### Material provided
::::::

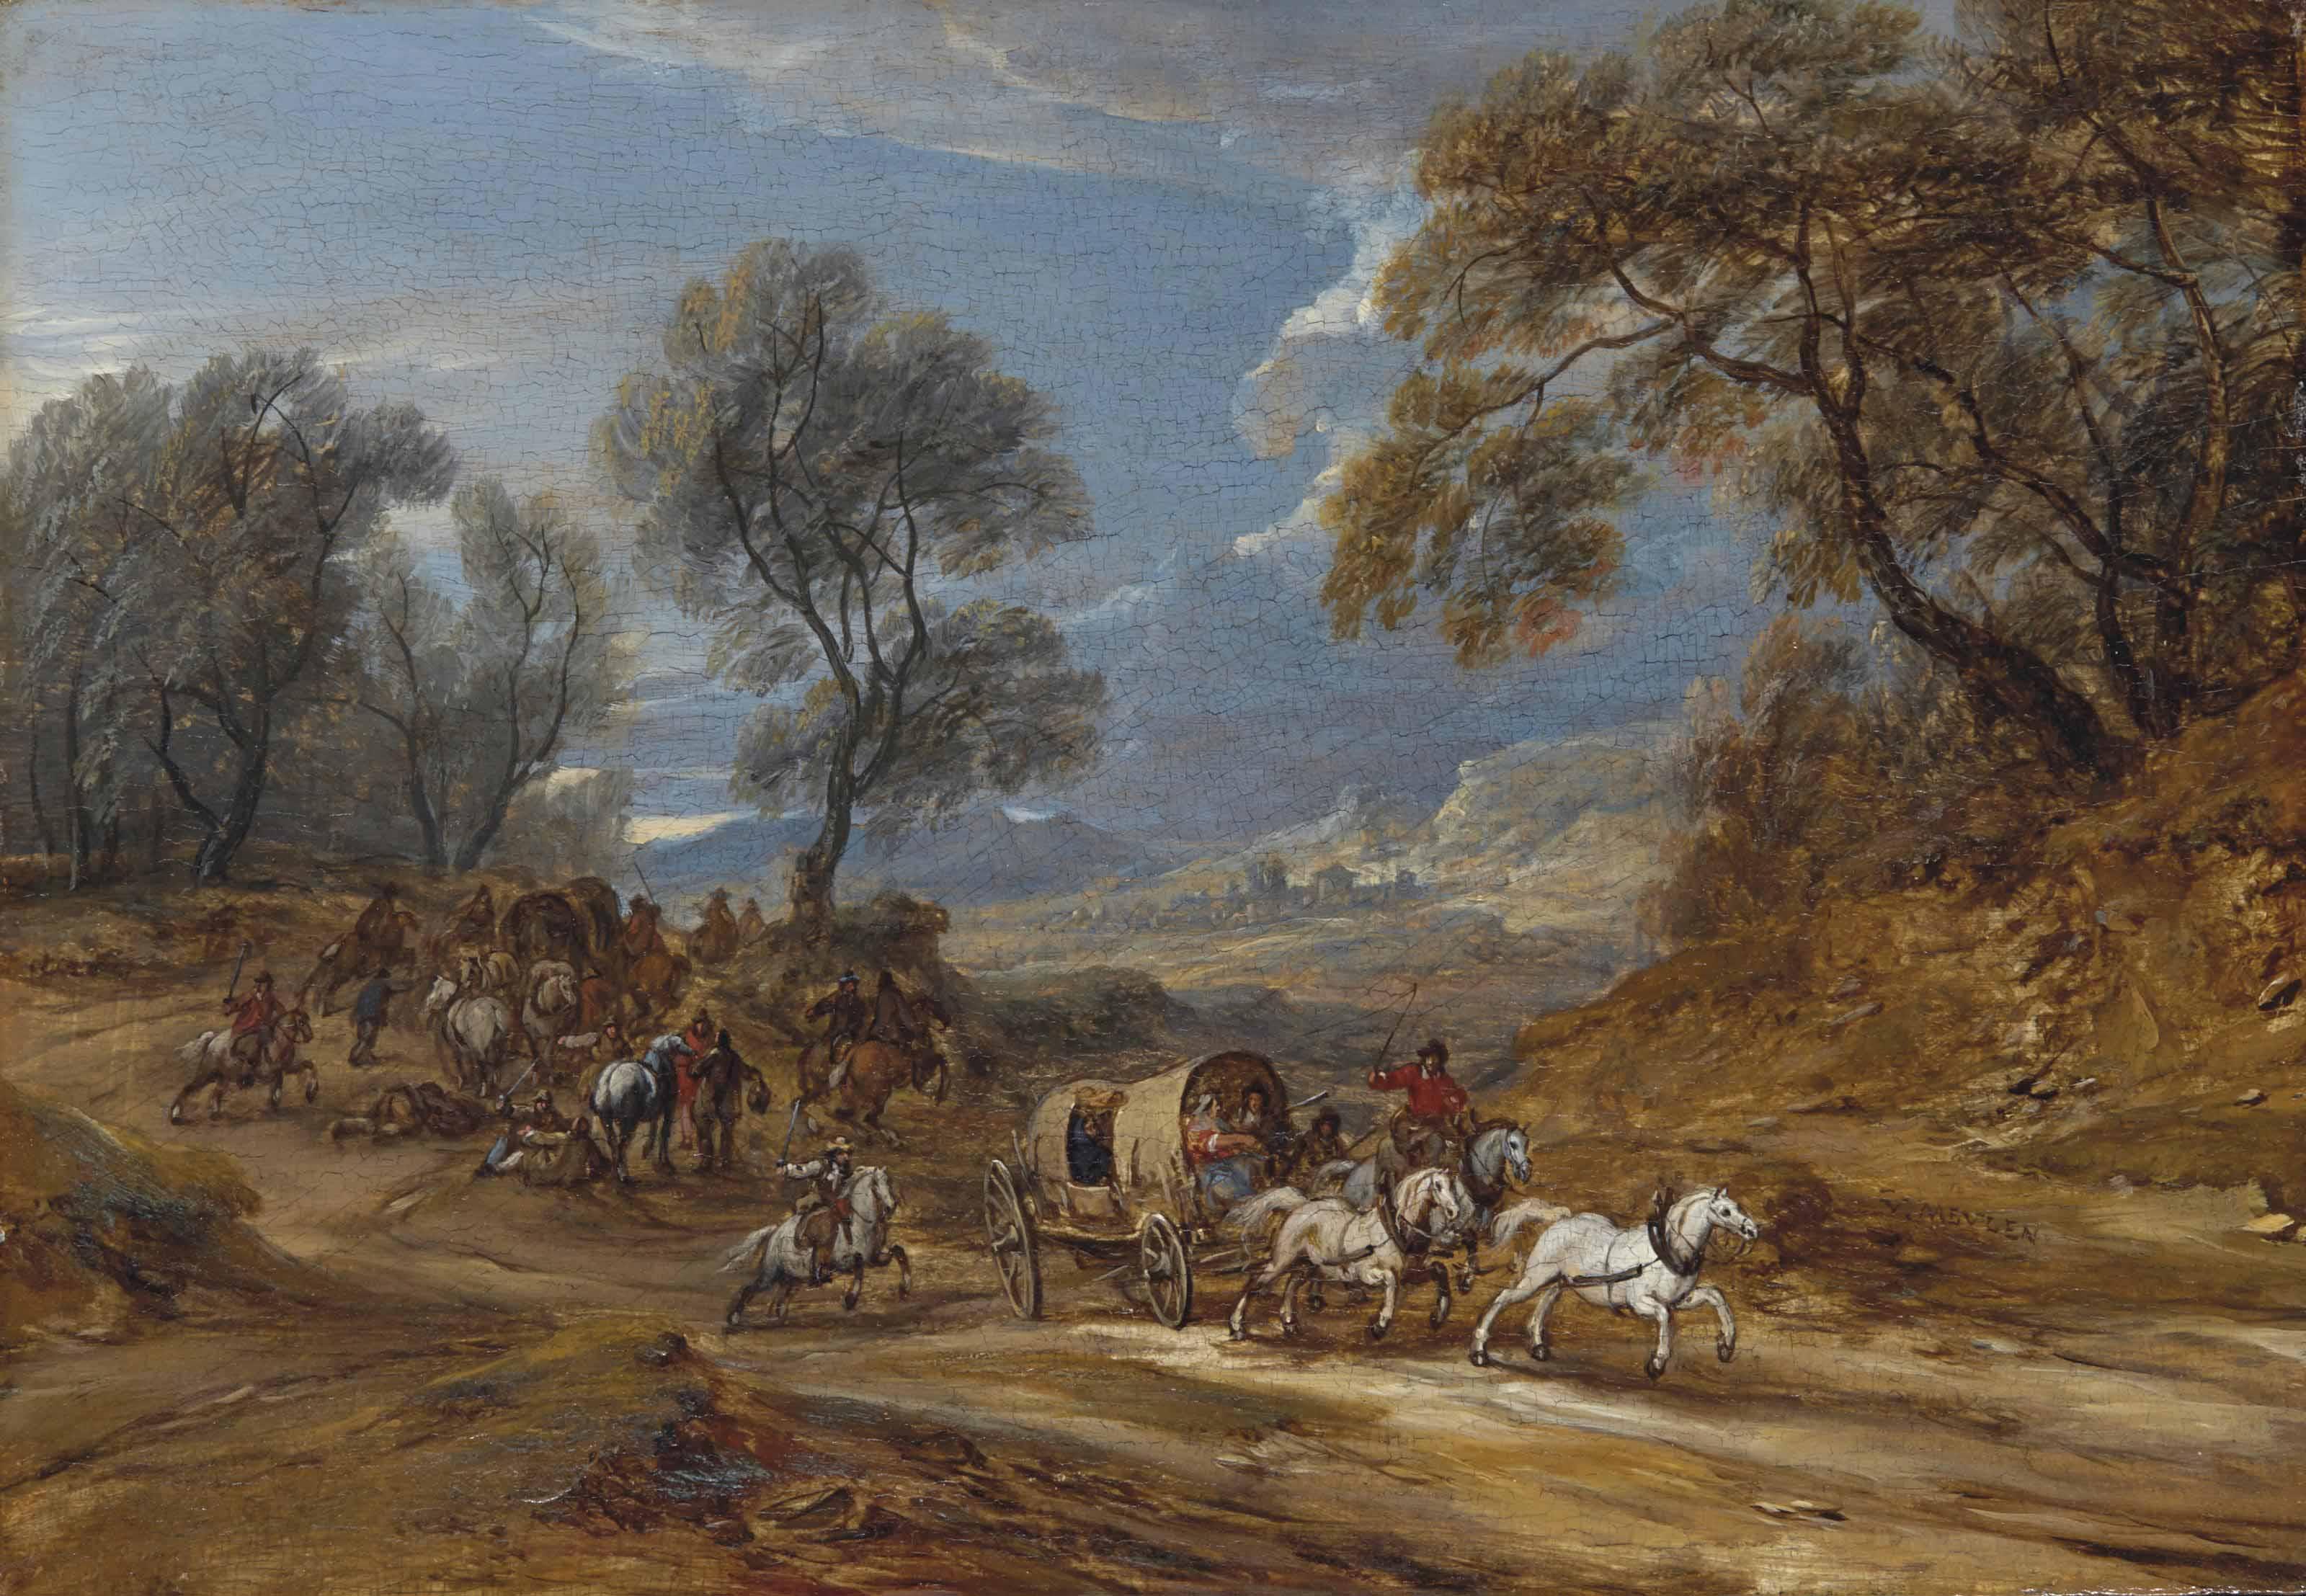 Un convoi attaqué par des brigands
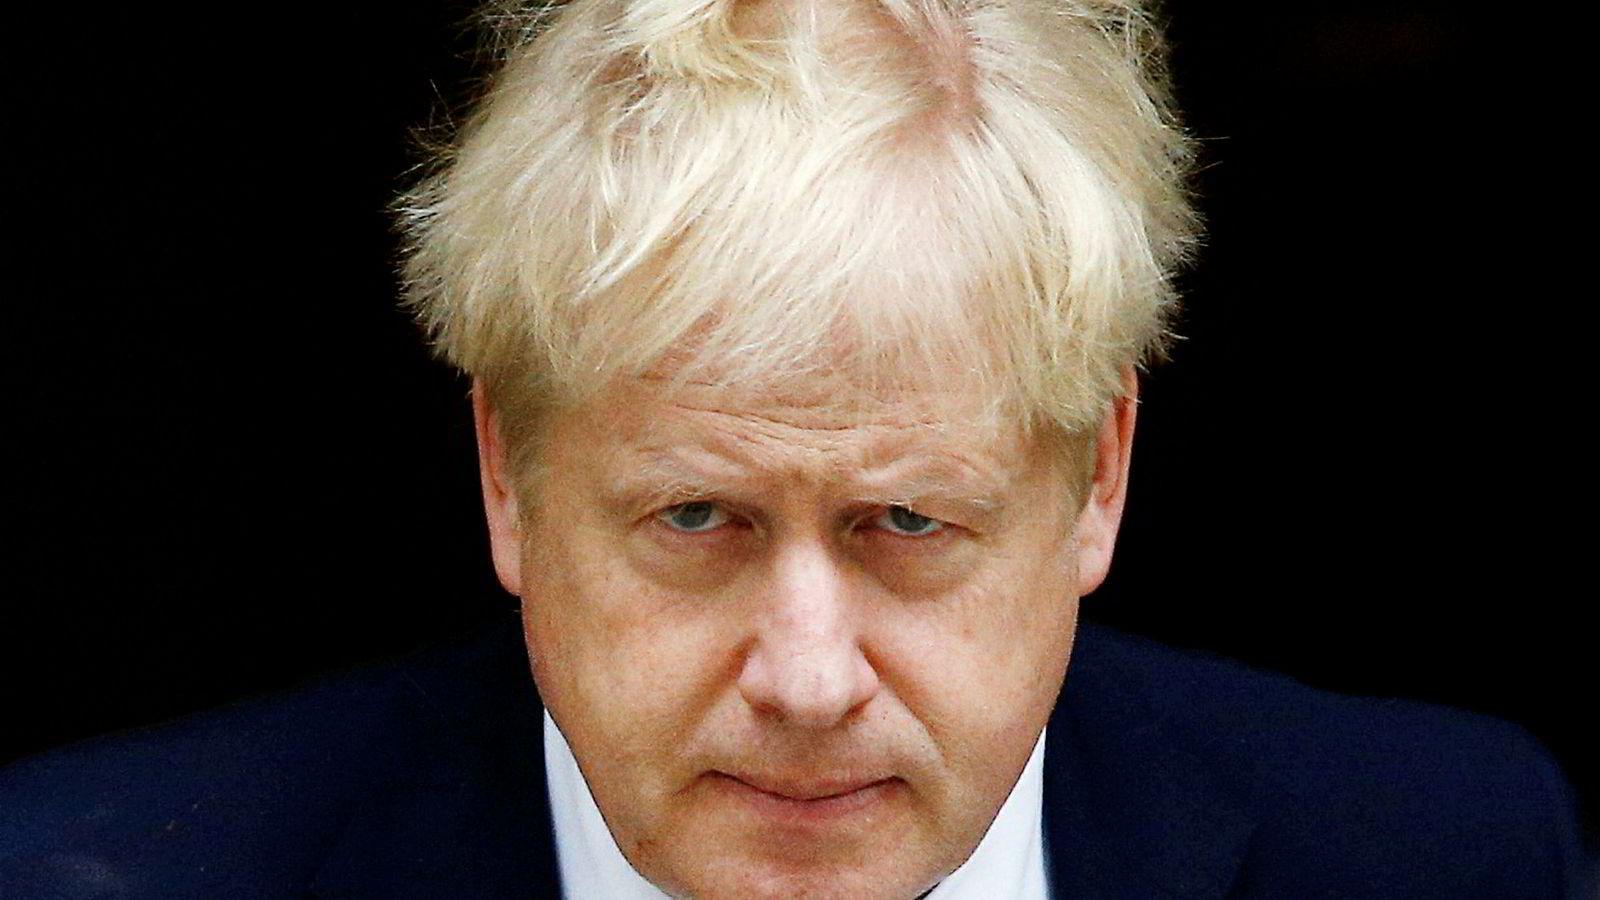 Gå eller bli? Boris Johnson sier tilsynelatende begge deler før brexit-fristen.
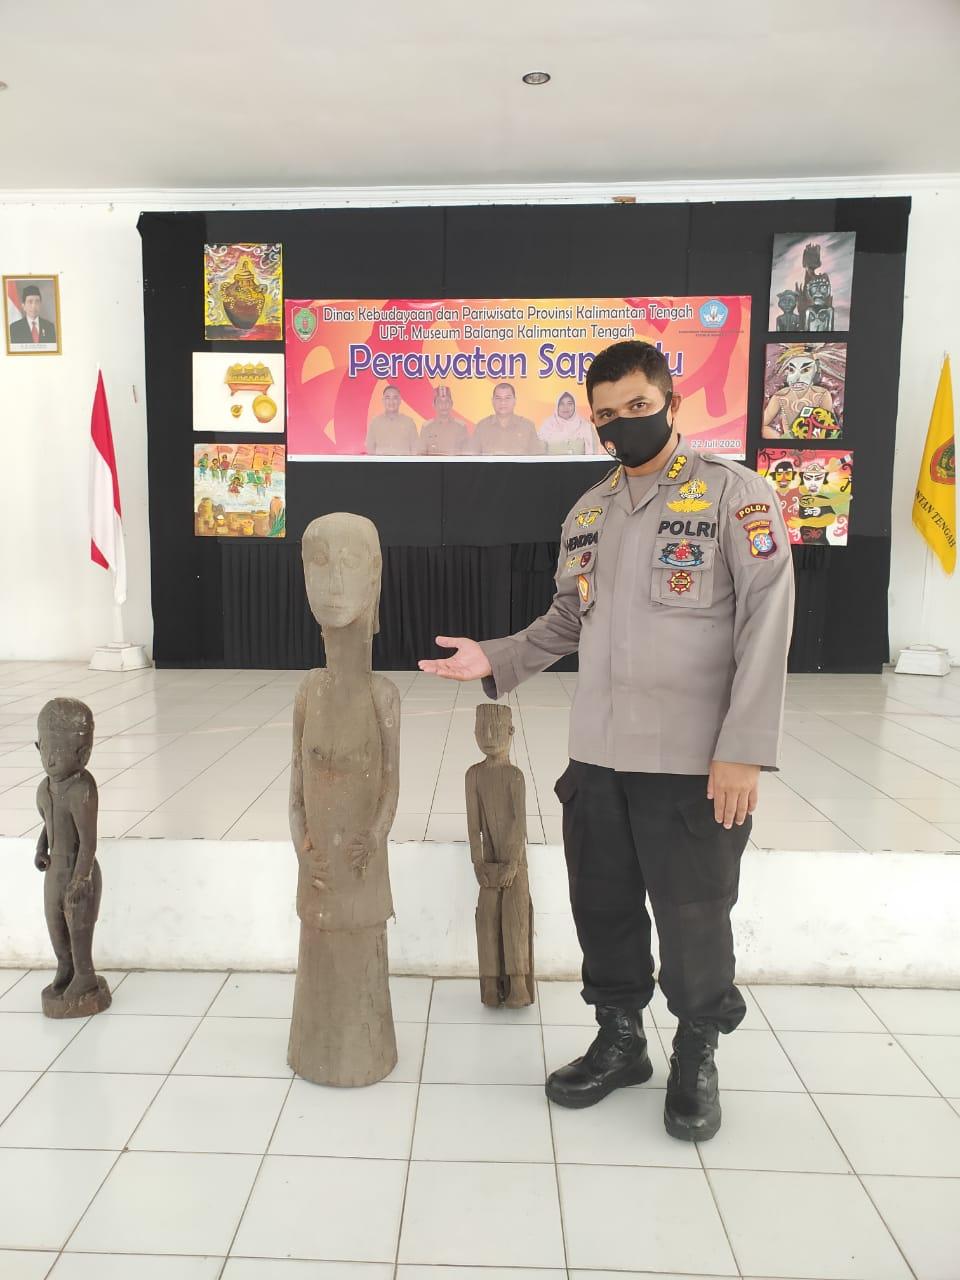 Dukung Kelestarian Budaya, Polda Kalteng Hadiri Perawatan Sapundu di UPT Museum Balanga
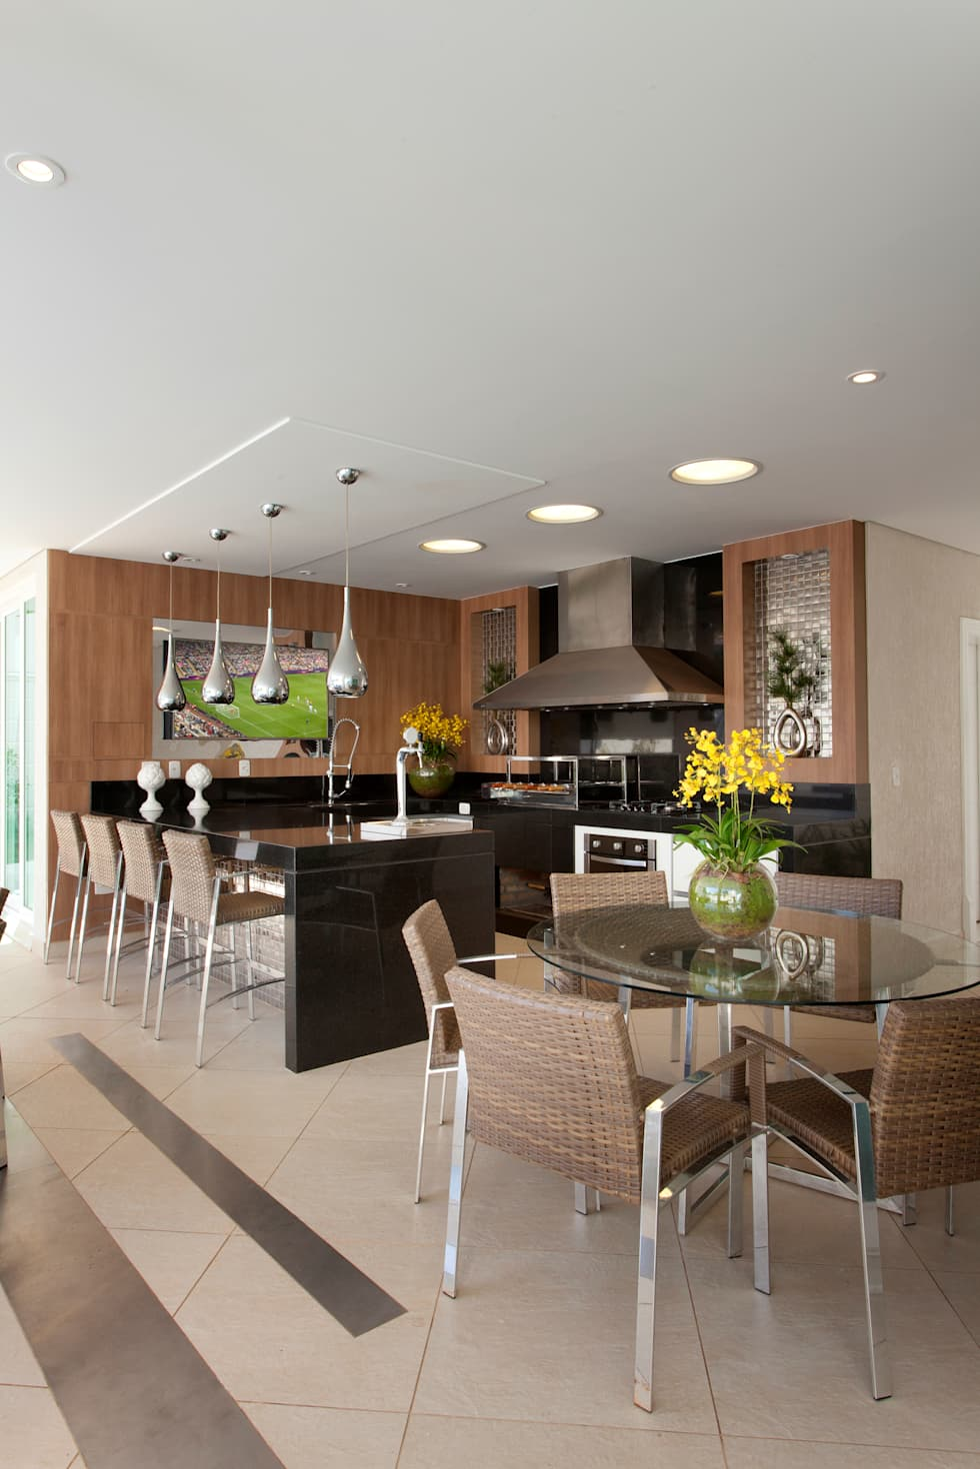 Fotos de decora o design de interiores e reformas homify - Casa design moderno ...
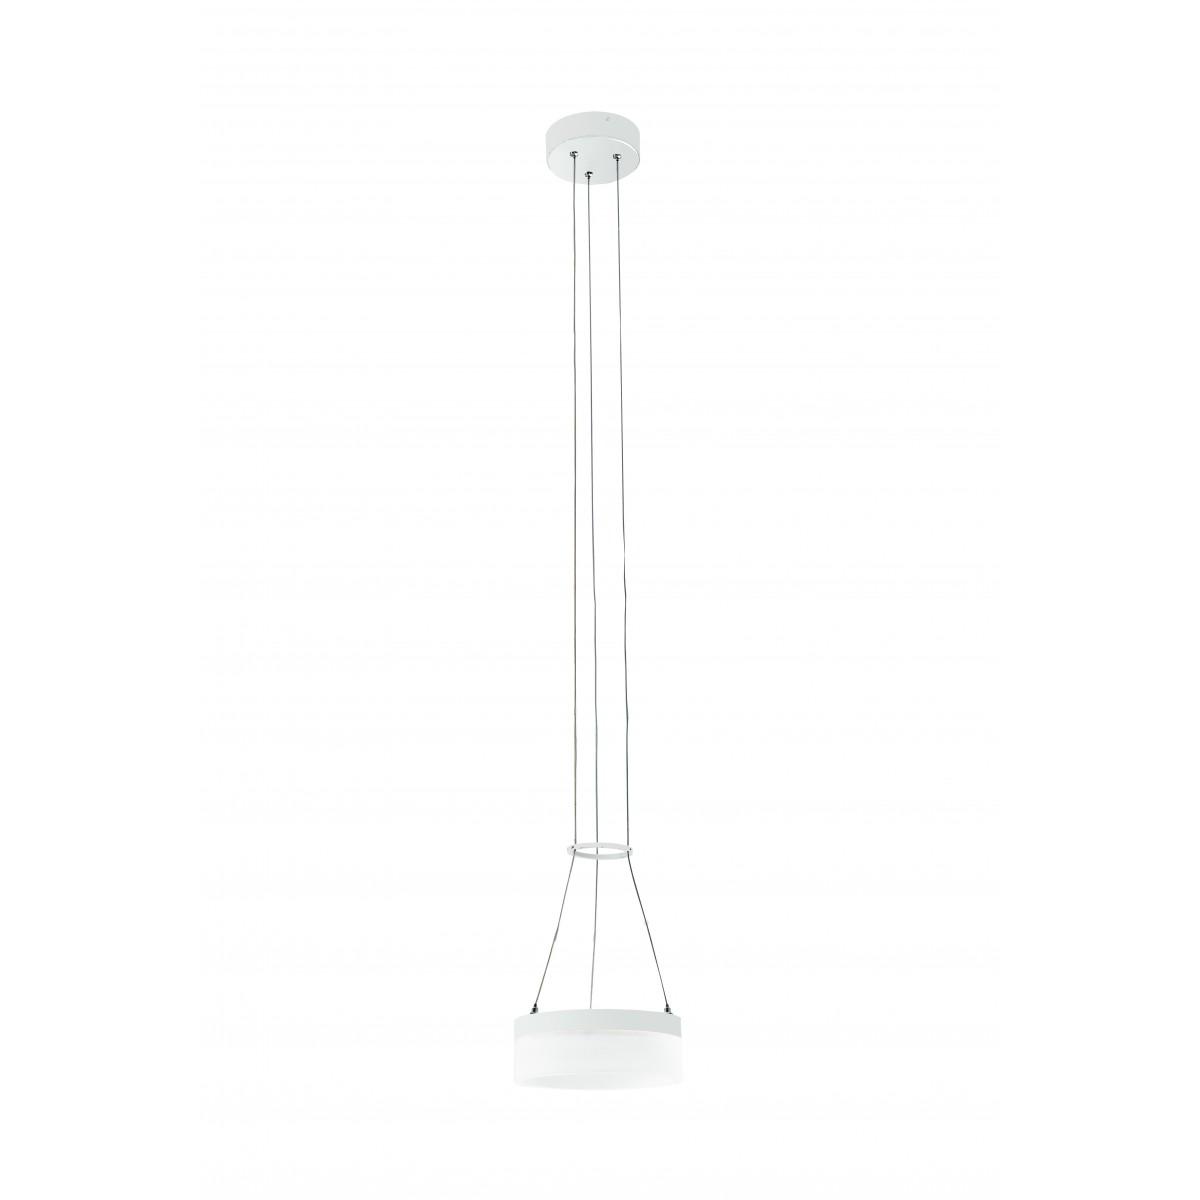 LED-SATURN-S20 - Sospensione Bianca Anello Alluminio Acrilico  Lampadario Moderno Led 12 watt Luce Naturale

::::::

### Aim of the exercise
Copy all of the entries verbatim, leaving out any pictures they contain.

### Response
 Un convoi attaqué par des brigands
 Gå eller bli? Boris Johnson sier tilsynelatende begge deler før brexit-fristen.
 Dukung Kelestarian Budaya, Polda Kalteng Hadiri Perawatan Sapundu di UPT Museum Balanga
 Fotos de decora o design de interiores e reformas homify - Casa design moderno ...
 LED-SATURN-S20 - Sospensione Bianca Anello Alluminio Acrilico  Lampadario Moderno Led 12 watt Luce Naturale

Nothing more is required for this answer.